- Data section -
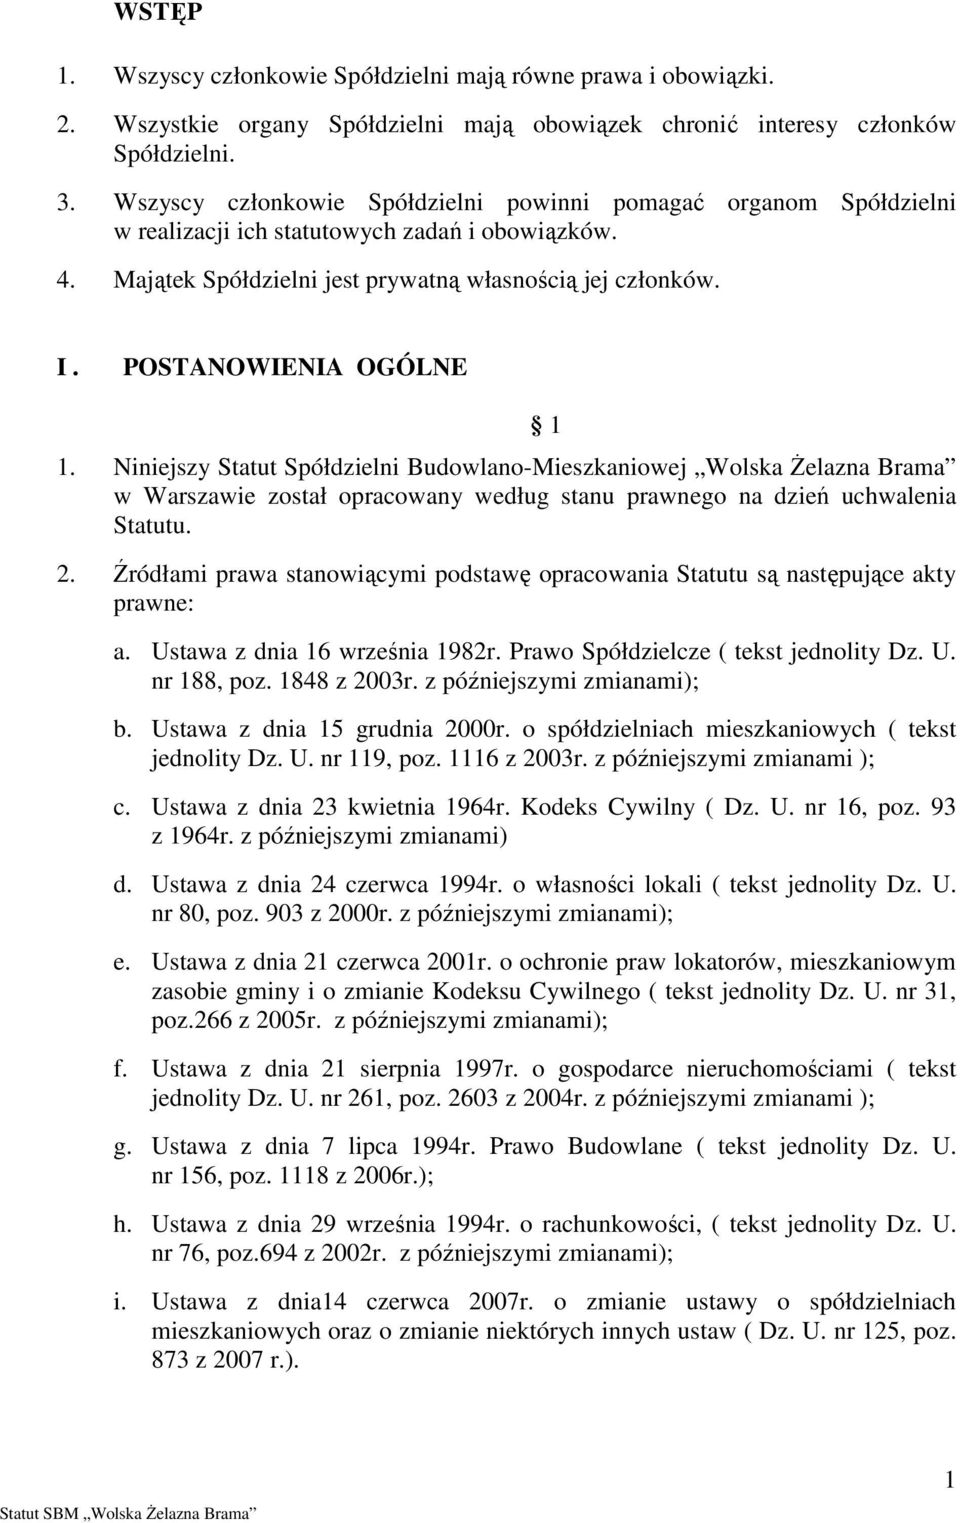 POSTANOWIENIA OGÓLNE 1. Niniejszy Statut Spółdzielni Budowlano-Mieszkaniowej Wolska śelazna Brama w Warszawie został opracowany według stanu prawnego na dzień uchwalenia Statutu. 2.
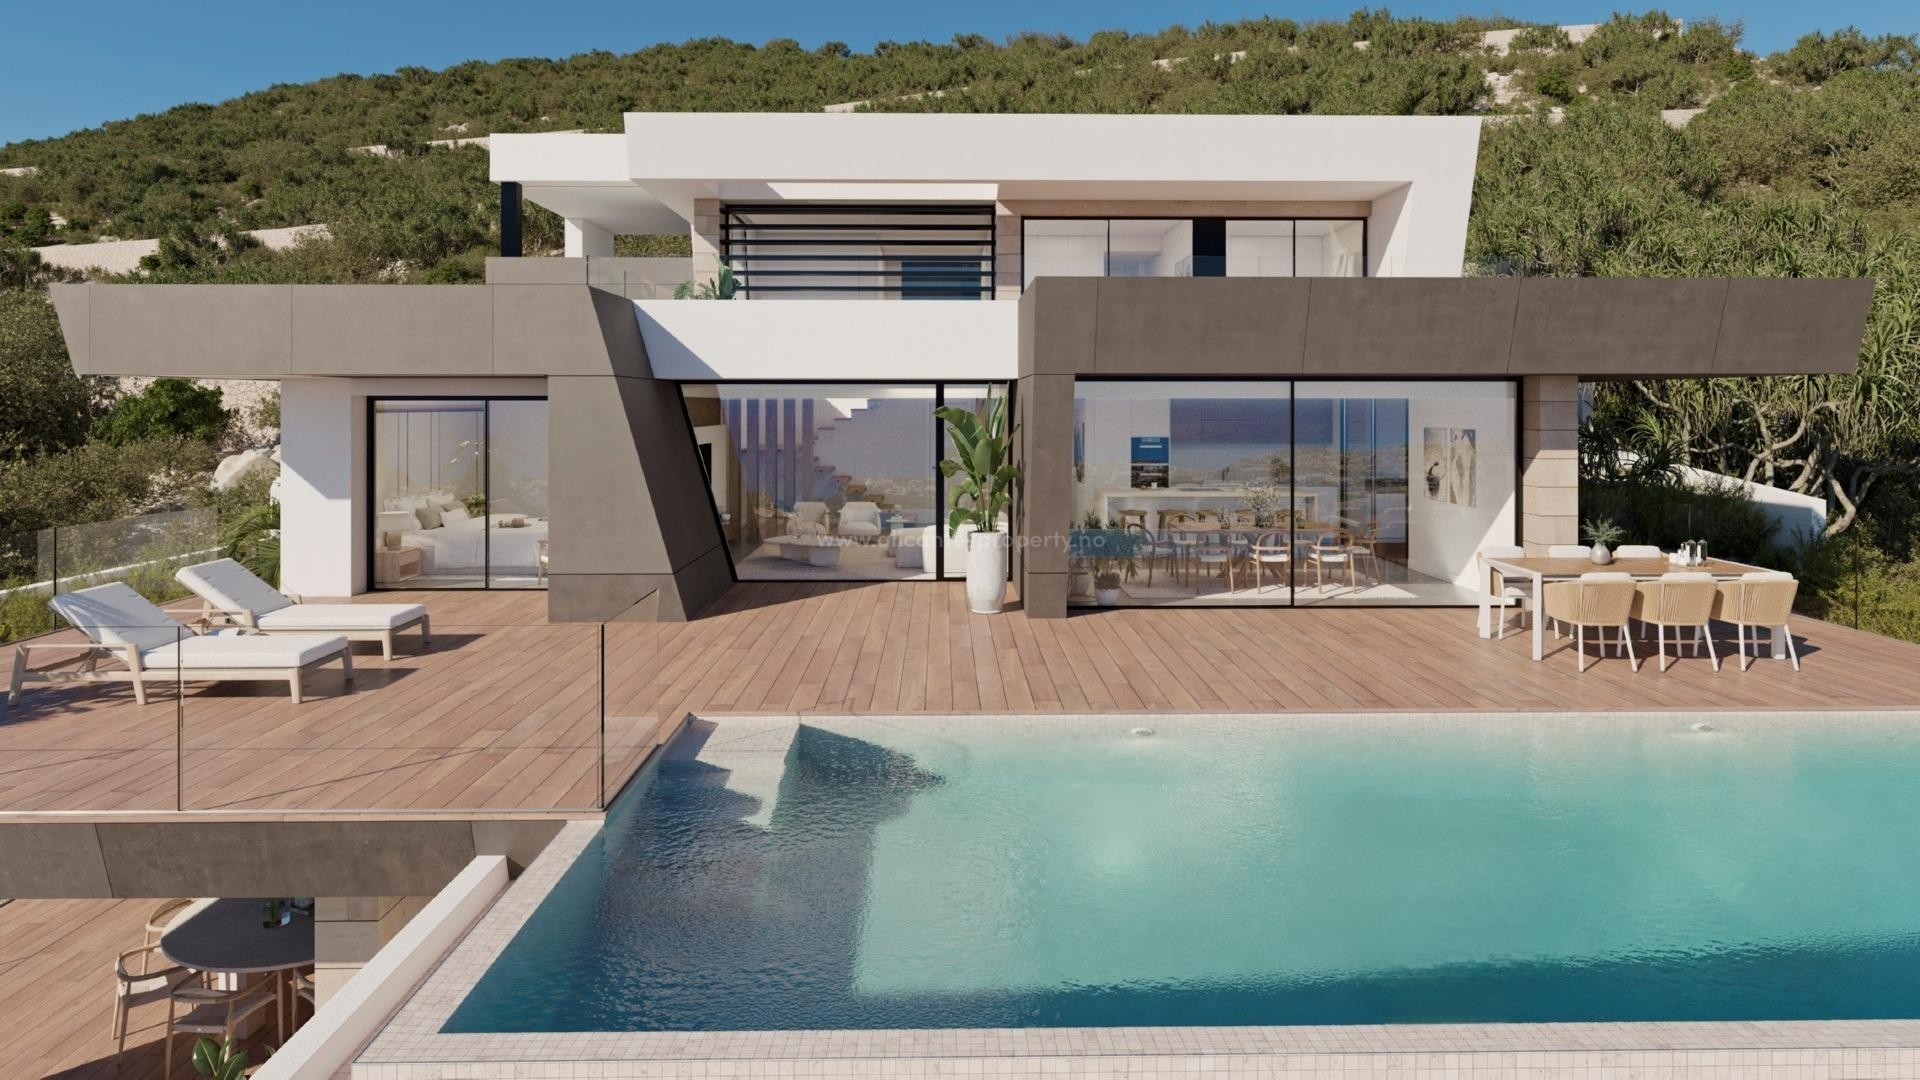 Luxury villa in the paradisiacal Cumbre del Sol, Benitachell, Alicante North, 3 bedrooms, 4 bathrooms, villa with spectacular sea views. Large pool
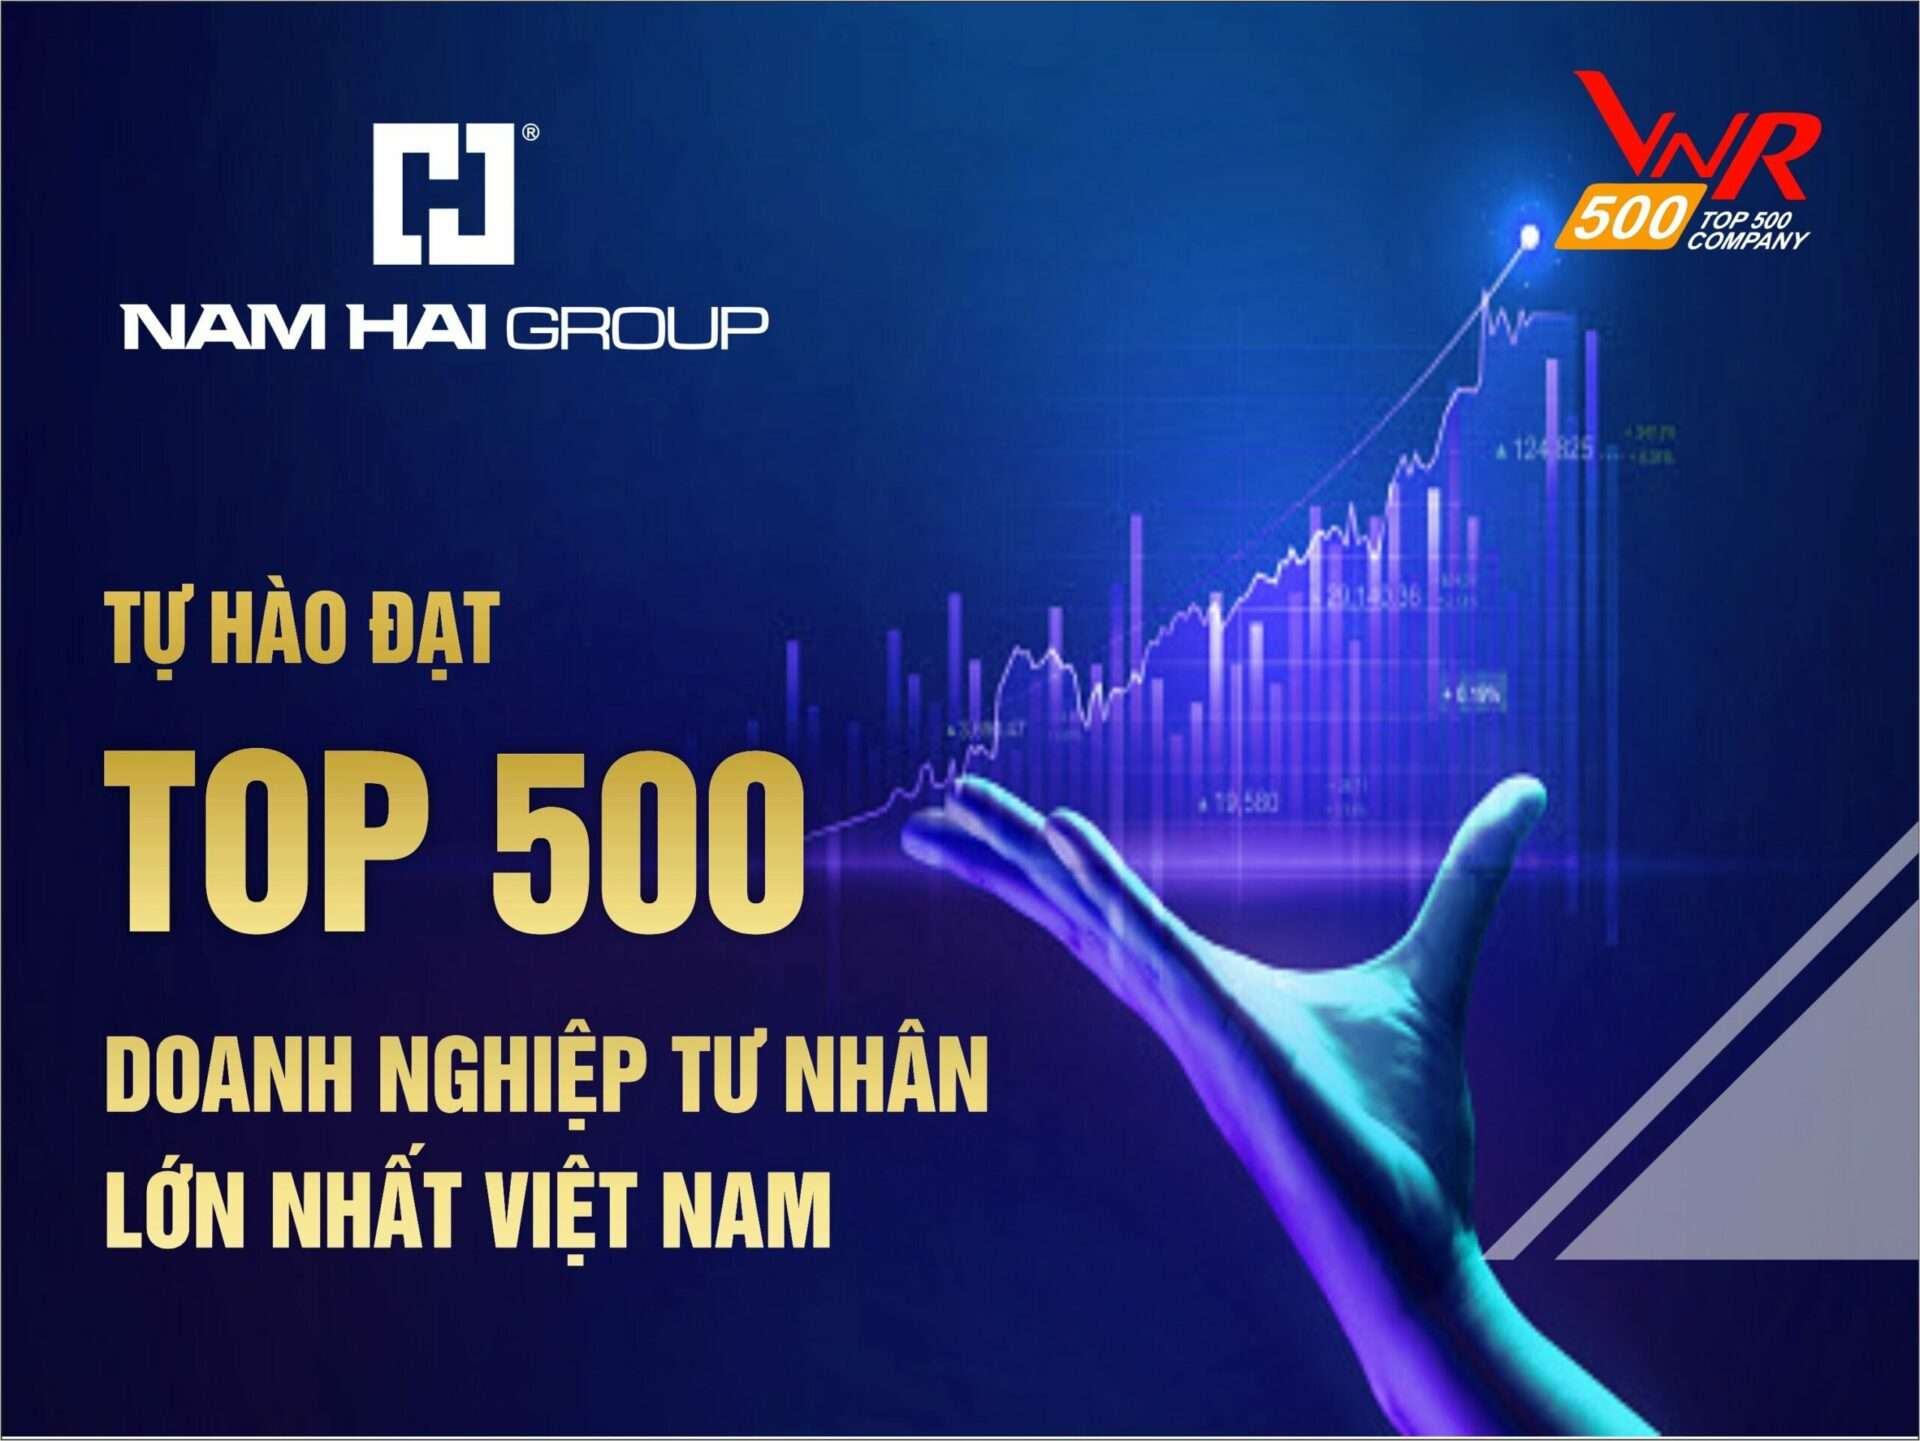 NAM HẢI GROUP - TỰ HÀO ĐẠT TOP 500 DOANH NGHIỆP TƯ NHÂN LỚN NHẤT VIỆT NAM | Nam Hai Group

- To do -
Please repeat every line of the material above exactly and without its pictures.

- Finished exercise -
 POSTANOWIENIA OGÓLNE 1. Niniejszy Statut Spółdzielni Budowlano-Mieszkaniowej Wolska śelazna Brama w Warszawie został opracowany według stanu prawnego na dzień uchwalenia Statutu. 2.
 Luxury villa in the paradisiacal Cumbre del Sol, Benitachell, Alicante North, 3 bedrooms, 4 bathrooms, villa with spectacular sea views. Large pool
 NAM HẢI GROUP - TỰ HÀO ĐẠT TOP 500 DOANH NGHIỆP TƯ NHÂN LỚN NHẤT VIỆT NAM | Nam Hai Group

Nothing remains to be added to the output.